** DATA **
★ ★ ★ ★

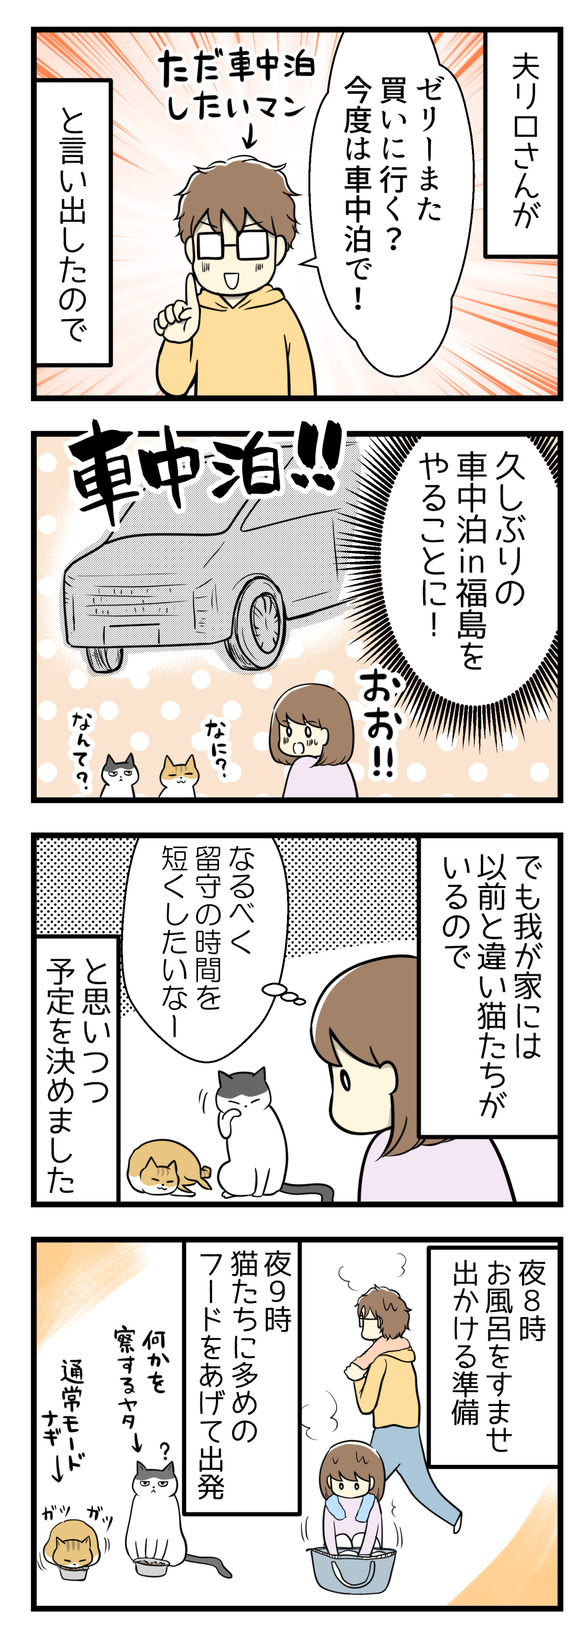 夫リロさんが「またゼリー買いに行く?今度は車中泊で!」と言い出したので久しぶりの車中泊in福島をやることに!でも我が家には以前と違い猫たちがいるので「なるべく留守の時間を短くしたいなー」と思いながら予定を立てました。夜8時にお風呂に入り出かける準備、夜9時に大目に猫フードをあげて出発。
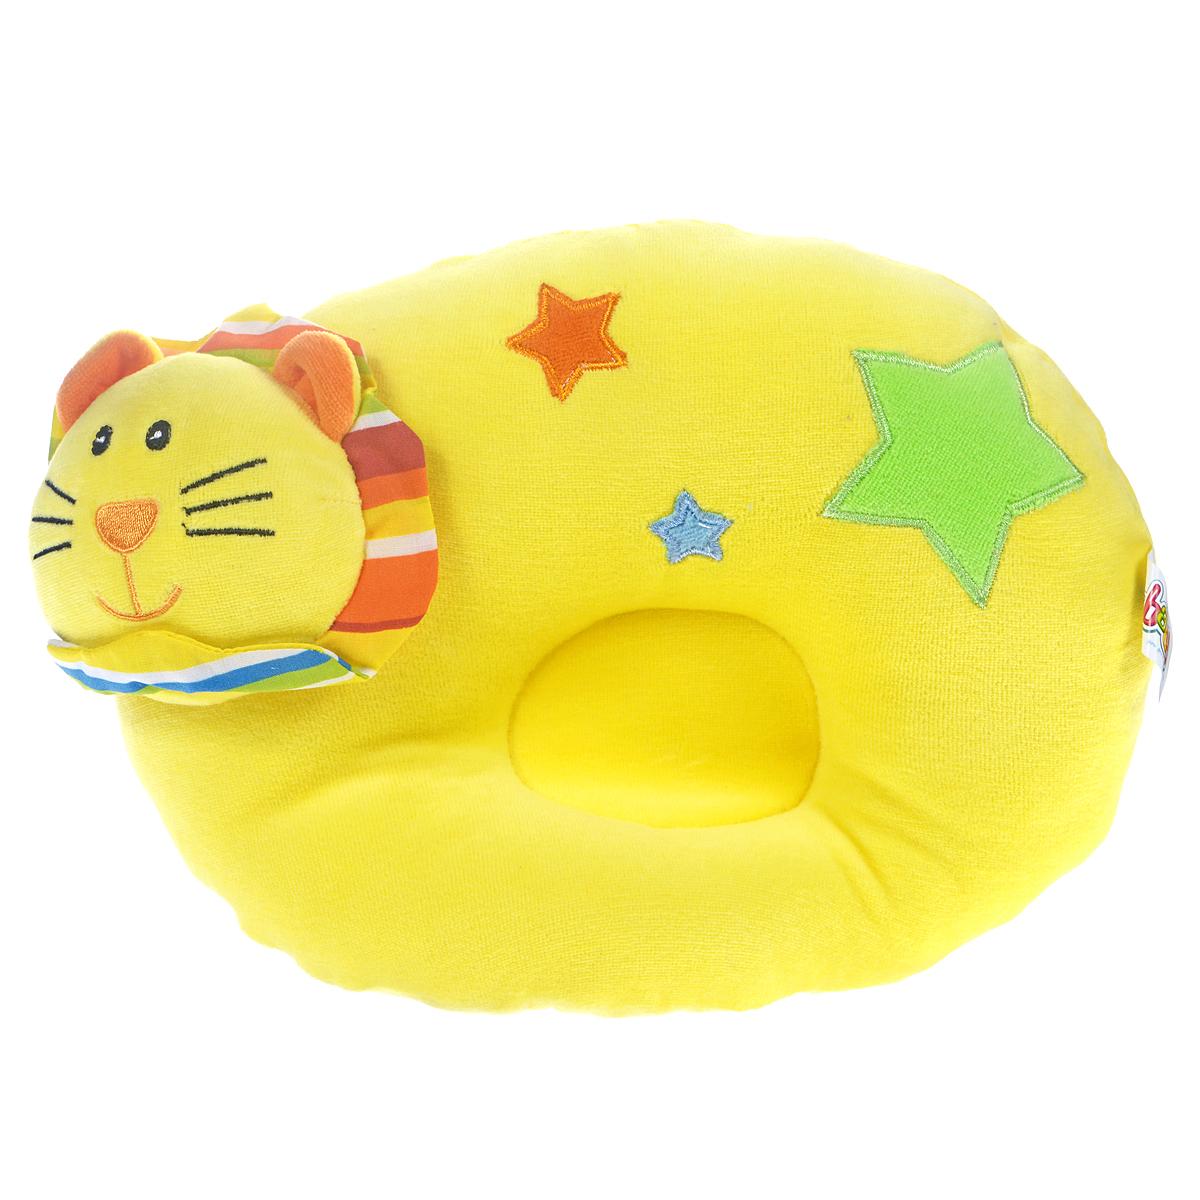 WSBD World Детская подушка Лев цвет желтыйB-10031Очаровательная мягкая подушка Лев выполнена из мягких материалов в виде симпатичного желтого льва. Необычайно мягкая и приятная на ощупь, она может использоваться также в качестве сиденья. Такая игрушка-подушка станет отличным аксессуаром для детской комнаты.
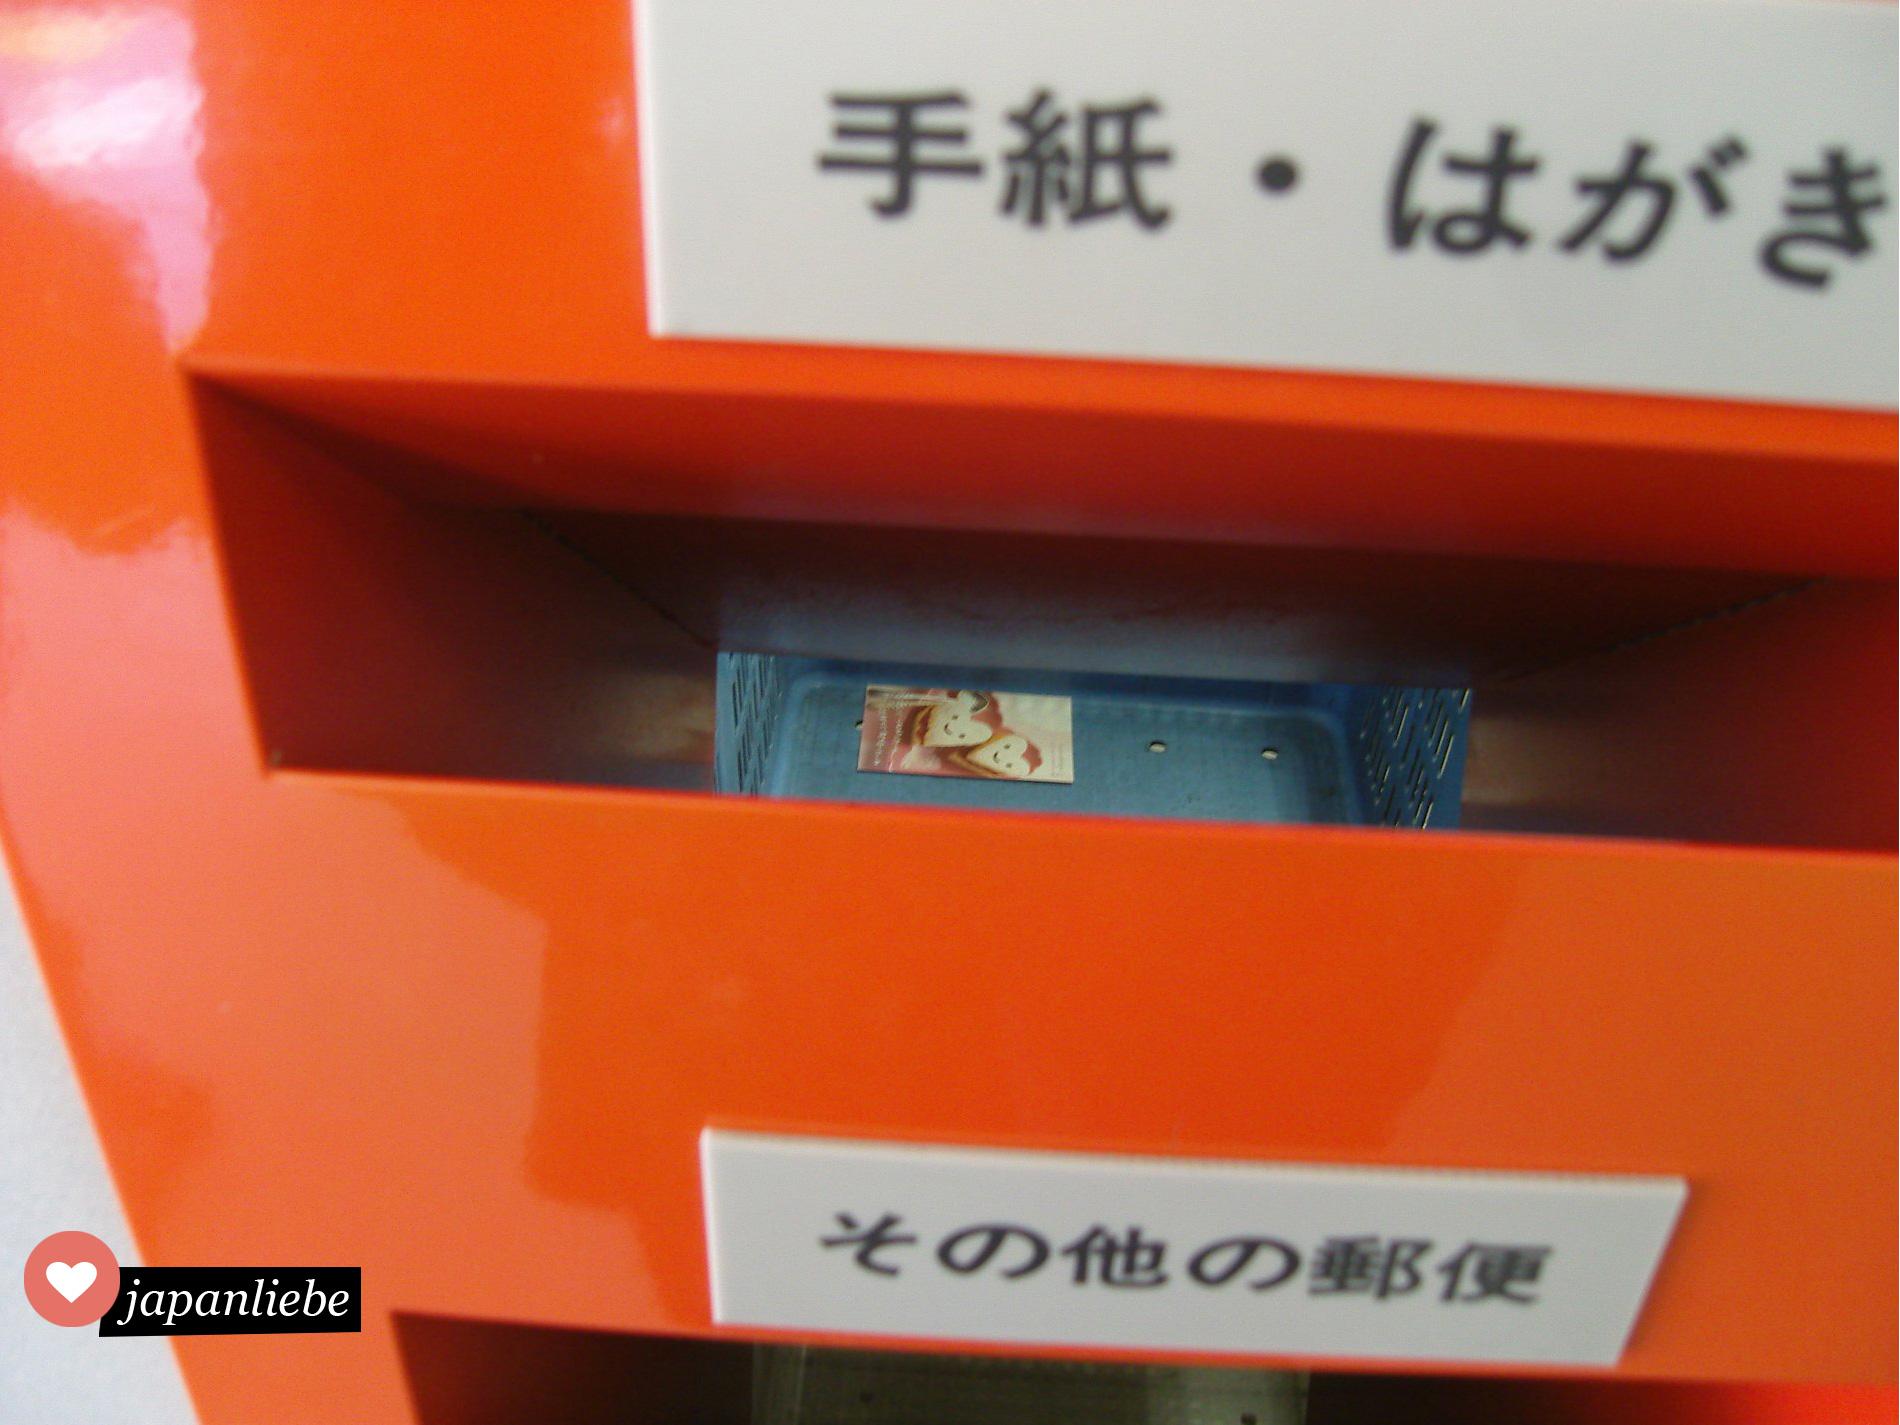 Postkarte in einem japanischen Briefkasten
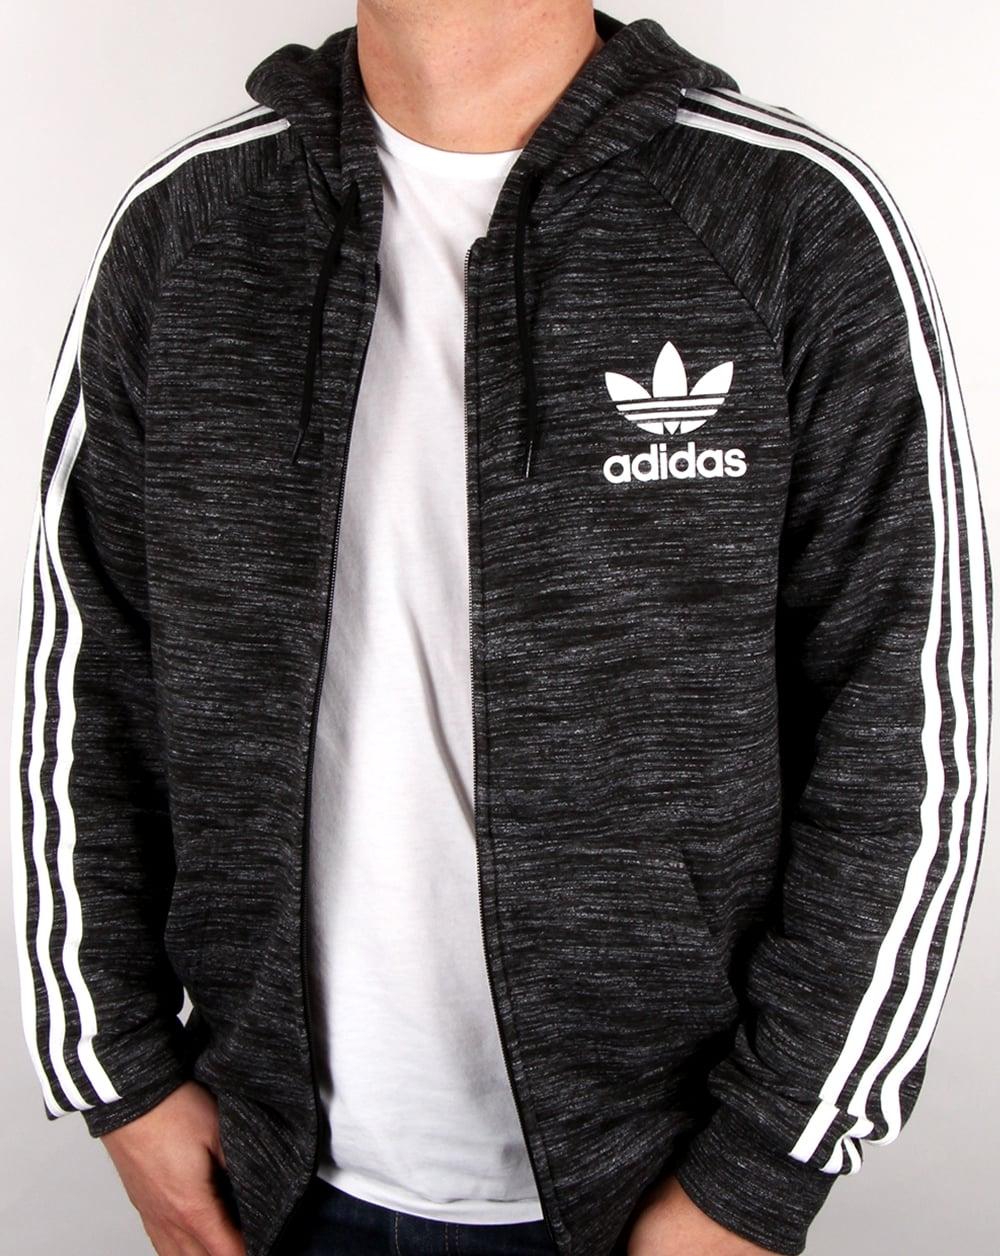 3a8876018920 Adidas Originals California Fz Hoody Black

★ ★ ★ ★

** TASK REQUIREMENTS **
Do not include the pictures. Quote only the lines from the line with "WSBD World Детская" through the end of the material, both ends included, exactly.

** ANSWER FOR THIS EXERCISE **
 WSBD World Детская подушка Лев цвет желтыйB-10031Очаровательная мягкая подушка Лев выполнена из мягких материалов в виде симпатичного желтого льва. Необычайно мягкая и приятная на ощупь, она может использоваться также в качестве сиденья. Такая игрушка-подушка станет отличным аксессуаром для детской комнаты.
 Postkarte in einem japanischen Briefkasten
 3a8876018920 Adidas Originals California Fz Hoody Black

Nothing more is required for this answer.